Eclipse is a film, and the film much more so than the book, makes the genealogy of sexuality explicit, and is a gem in elucidating "CAMP" and an aspect of post - modern theory. It is an introduction to Foucault's tool chest as he calls it.
Genealogical "cuts" can be synchronous in time, occurring at the same moment in time, they are "cuts" into the Dominating Discourse of history, psychology, language, economics, and the arts. A "cut" into all human behavior, knowledge and thinking and feeling, ideology and concepts.
Knowledge is not for knowing. Knowledge is made for "cutting". - Michel Foucault (The Archeology of Knowledge)
Foucault's Spiraling Powerful Prose Scouring Your Mind |
Sexuality in Eclipse:
Courtly Love: Passion Love. - Cortezia - A ritual of sexuality originating in the 12th century in Western Europe, Southern France, the Languedoc region, in Eleanor of Aquitaine's court. Married and divorced from Louis VII, her court traveled to the British Isles when she married Henry II. She took her troubadours with her. This is the romance of Edward and Bella that is based on Tristan and Iseult, true love, non- consummation, (chastity or abstinence), and unity in death.
Rape: This is James, present in Twilight, who is absent but present - in Eclipse - through his avenging mate, Victoria.
Blood Lust: These are the newborns who fit perfectly into ancient warrior hordes who killed with lust. And raped of course as spoils of war. Caesar describes all this in his victorious campaigns if you have translated or read him.
The newborns also are descriptive of Melanie Klein's work on orality which she divides into two stages: passive sucking orality and active, biting orality. As the infant 's teeth come in it bites the mother's breasts and blood is sometimes or often mixed with the milk. The unconscious phantasies of the infant are to devour all the goodness from the mother, leaving only a shell. Here we recognize Renesmee. Klein insists that the mother must remain with the infant after nursing, not just plunk it down to go to sleep. It is required that the mother remain with the infant for the "period of "reparation", "restoration" so the mother can be seen as whole in spite of the oral aggressive, destructive phantasies. That feelings and phantasies are not real, and the mother is still intact. She will also go into the good and bad mother imagos.

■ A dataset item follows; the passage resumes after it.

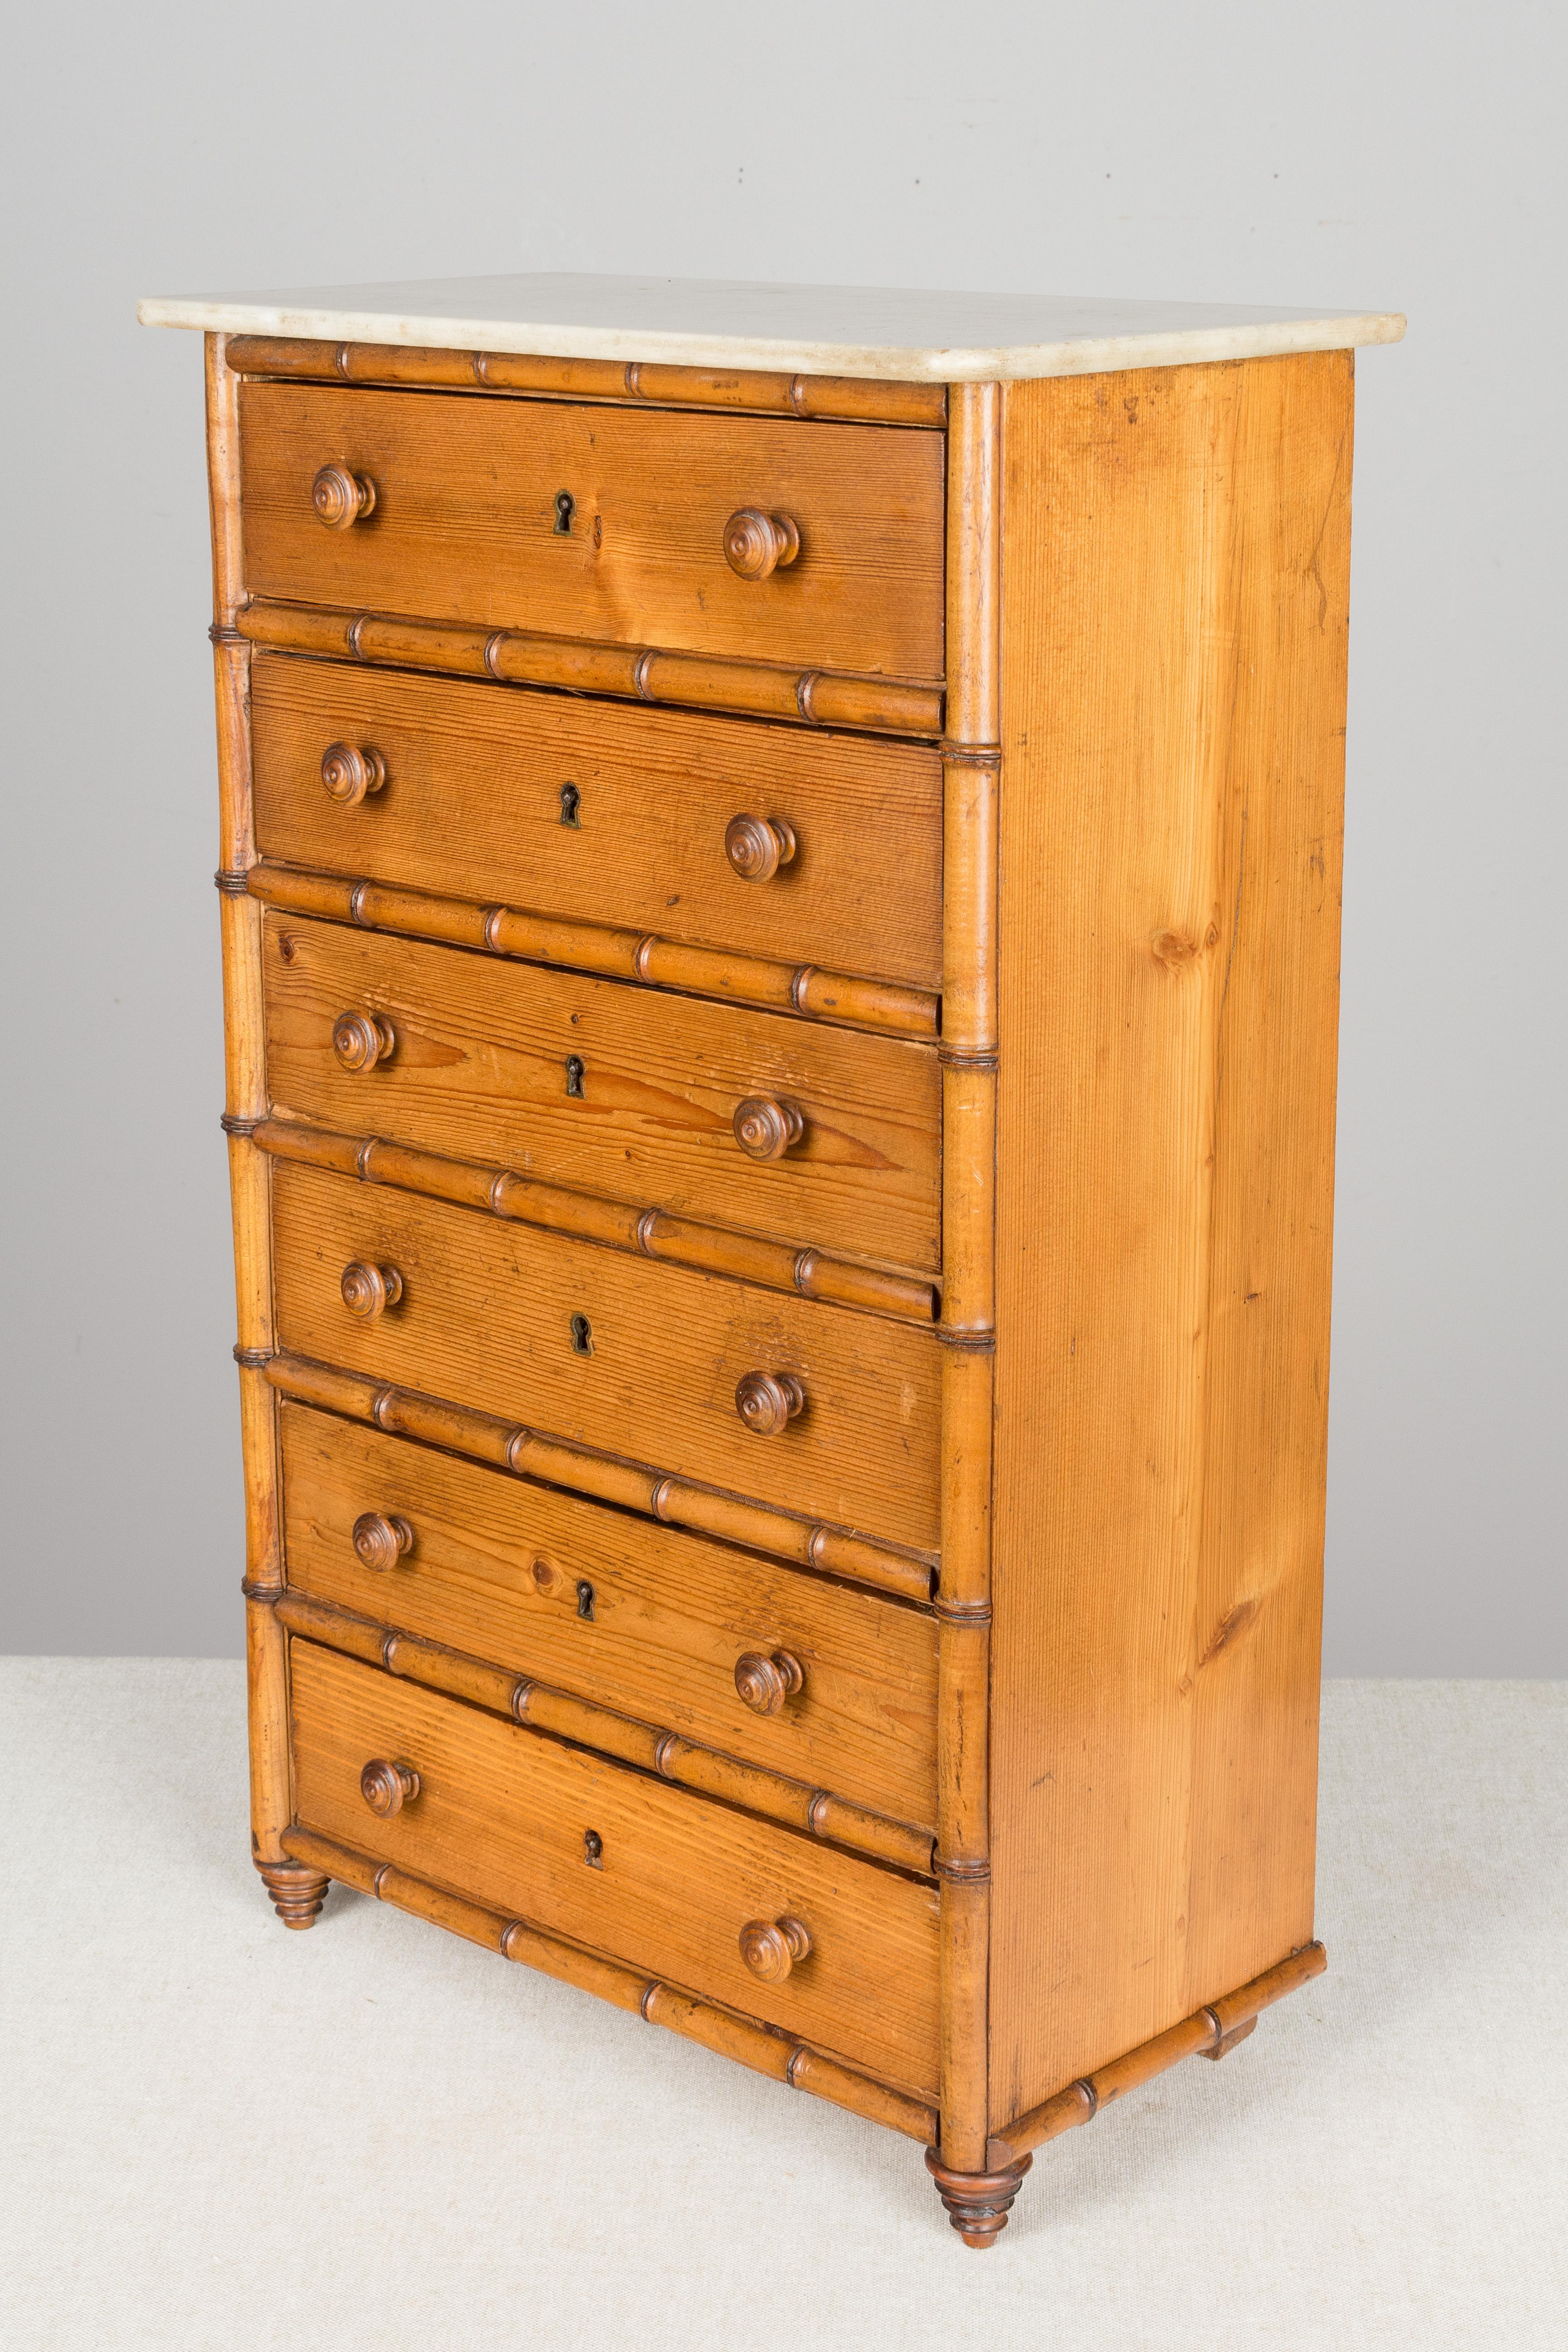 A 19th century French faux bamboo miniature chest of drawers, or chiffonier, made of solid cherry and pine with white marble top. Six drawers with turned wood knobs and locks, but no key. Some of the locks are missing. All original. Perfect for

The Stone Age infant confronts its 20th century mother. - R.D. Laing
Makes you wonder about the present and historical fascination with vampires, eh.
Conjugal Sex: This is seen in the relationships within the Cullen family - Carlisle, Esme, Jasper, Alice, Emmett and Rosalie. Outside of the Cullens in the parents of Bella's friends in Forks, the Quileutes, etc. Nothing much is explicit, although we are told in BD about voracious vampire sex between vampires, but we neither read nor see of any evidence of it. An example of normal, family sex from which undying passion is absent, as there is constant availability and consummation. Desire is inseparable from Lack - in a matrix with lack. Lacan.

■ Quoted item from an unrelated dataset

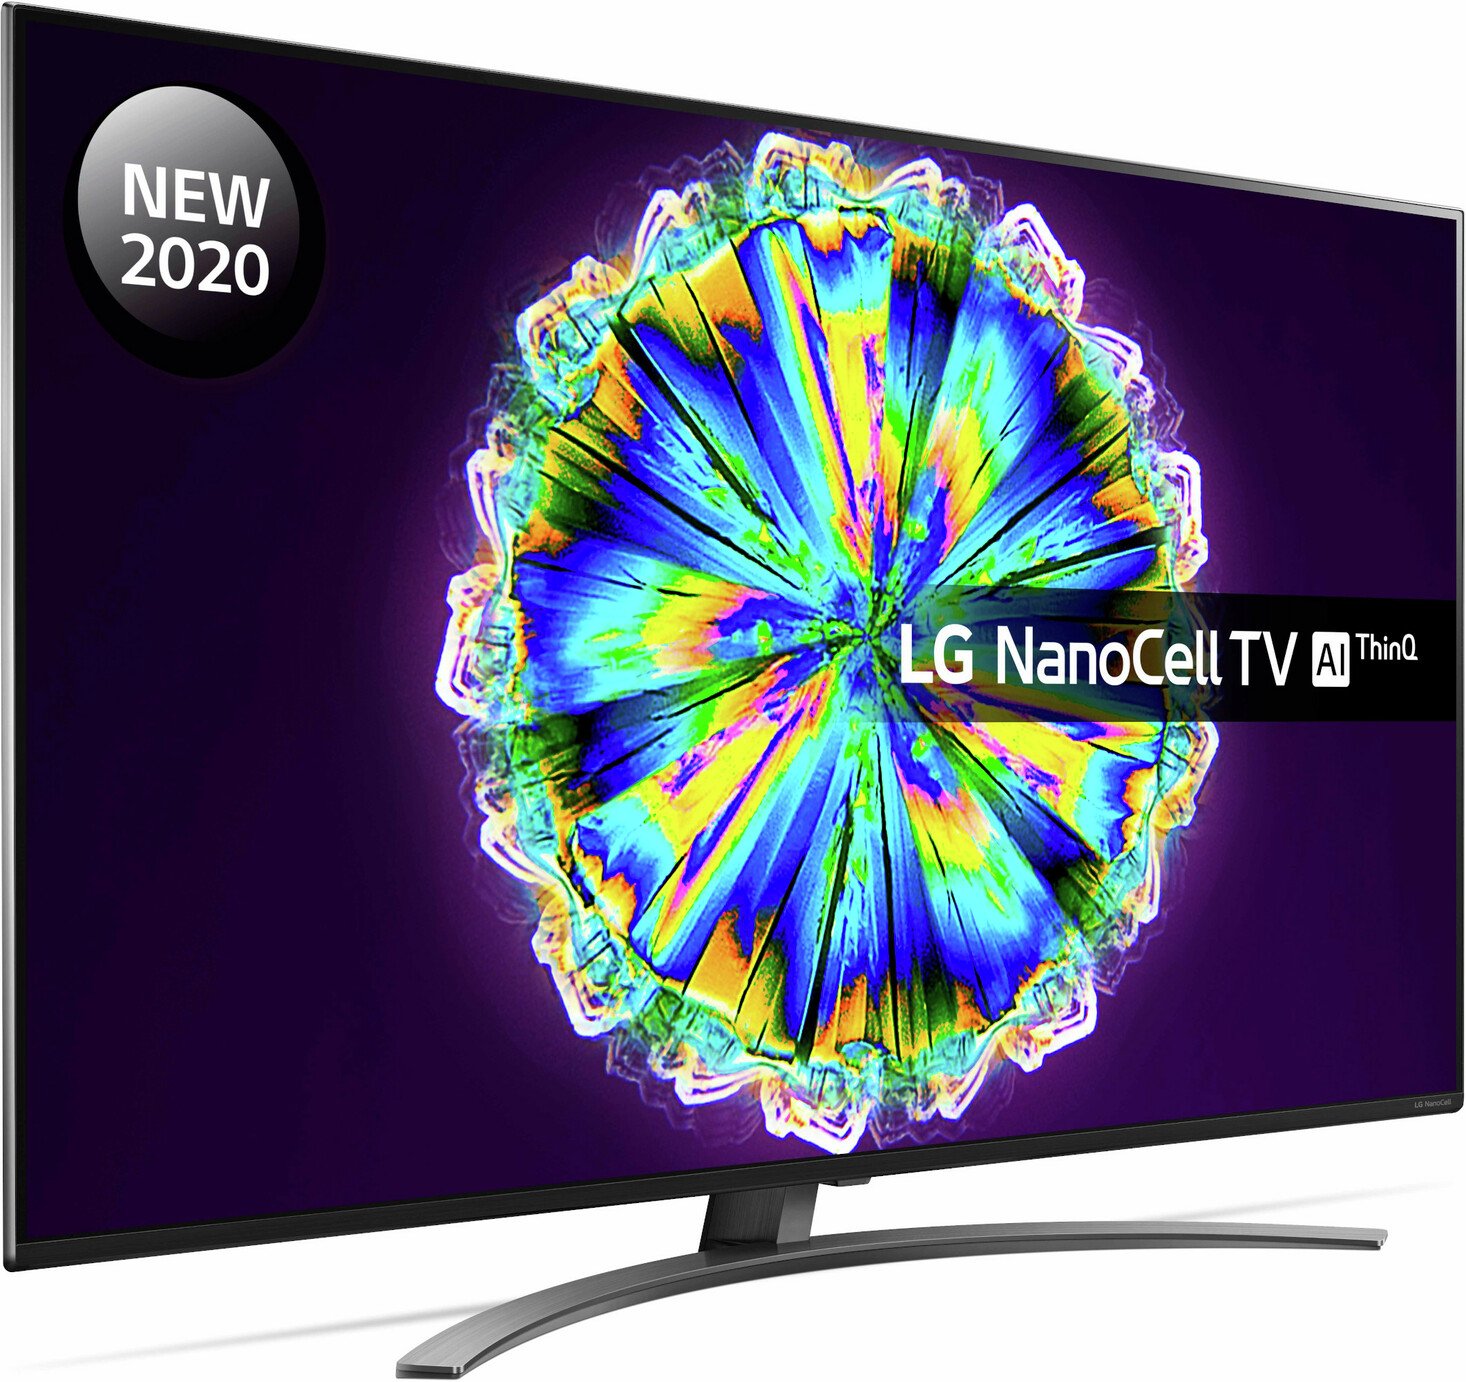 LG 55 Inch 55NANO86 Smart 4K Ultra HD LED TV with HDR Review

Homoerotic Sex: Only implied between Edward and Jacob in their triangular relationship with Bella. Discussed in Freud's case studies on male paranoia. We also see it in the Tribal relationship of the wolves. Again only implied. This cut in sexuality is unconscious in the Twilight Saga.
All of these "cuts" are synchronous in time, occurring at the same moment in time. "Cuts" are not chronological; therefore, not linear, progressive or historical. The modern temptation is to attribute levels of consciousness to the different types of sexuality, but Foucault dispenses with the idea of consciousness and its raising. When you read him and he finishes with an idea or concept, it is time to give it up.
Eclipse is a film, and the film much more so than the book, makes the genealogy of sexuality explicit, and is a gem in elucidating "CAMP" and an aspect of post - modern theory. It is an introduction to Foucault's tool chest as he calls it.